If you go hands on in any decent size codebase with an agent session length and context size become noticeable issues. Again, mathematically error propagation eventually leads to a 100% chance of error. Yann isn't wrong here, we've just kicked the can a little further down the road. What happens at 200k+ tokens? 500k+ tokens? 1M tokens? The underlying issue of a stochastic system isn't addressed.
>While Yann is clearly brilliant, and has a deeper understanding of the roots of the filed than many of us mortals, I think he's been on a debbie downer trend lately
As he should be. Nothing he said was wrong at a fundamental level. The transformer architecture we have now cannot scale with task complexity. Which is fine, by nature it was not designed for such tasks. The problem is that people see these models work on a subset of small scope complex projects and make claims that go against the underlying architecture.

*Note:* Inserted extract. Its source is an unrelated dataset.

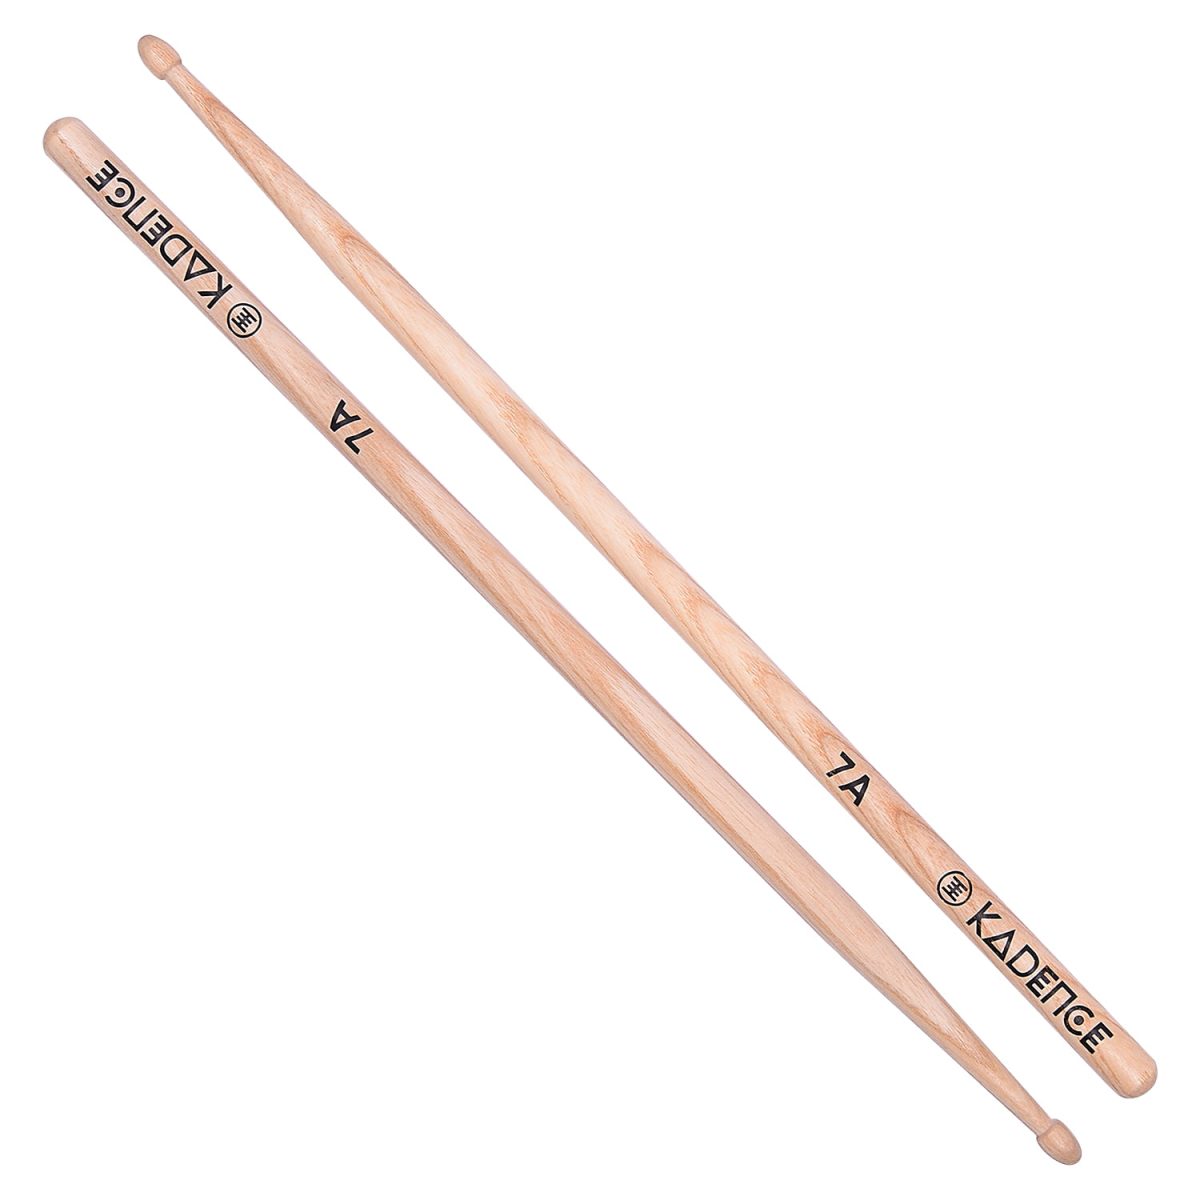 Kadence Drum Stick Hickory Wooden Tip 7A

If a model is 'solving' complex or planning tasks but then fails to do similar tasks at a higher complexity it's a sign that there is no underlying deterministic process. What is more likely: the model is genuinely 'planning' or 'solving' complex tasks, or that the model has been trained with enough planning and task related examples that it can make a high probability guess?
> So, yeah, I'd take everything any one singular person says with a huge grain of salt. No matter how brilliant said individual is.
If anything, a guy like Yann with a role such as his at a Mag7 company being realistic (bearish if you are a LLM evangelist) about what the transformer architecture can do is a relief. I'm more inclined to listen to him than a guy like Altman who touts LLMs as the future of humanity meanwhile is path to profitability is AI Tik-Tok, sex chatbots, and a third party way to purchase things from Walmart during a recession.
They really can’t. Token prediction based on context does not reason. You can scramble to submit PRs to ChatGPT to keep up with the “how many Rs in blueberry” kind of problems but it’s clear they can’t even keep up with shitposters on reddit.
And your 2nd and third point about planning and compounding errors remain challenges.. probably unsolvable with LLM approaches.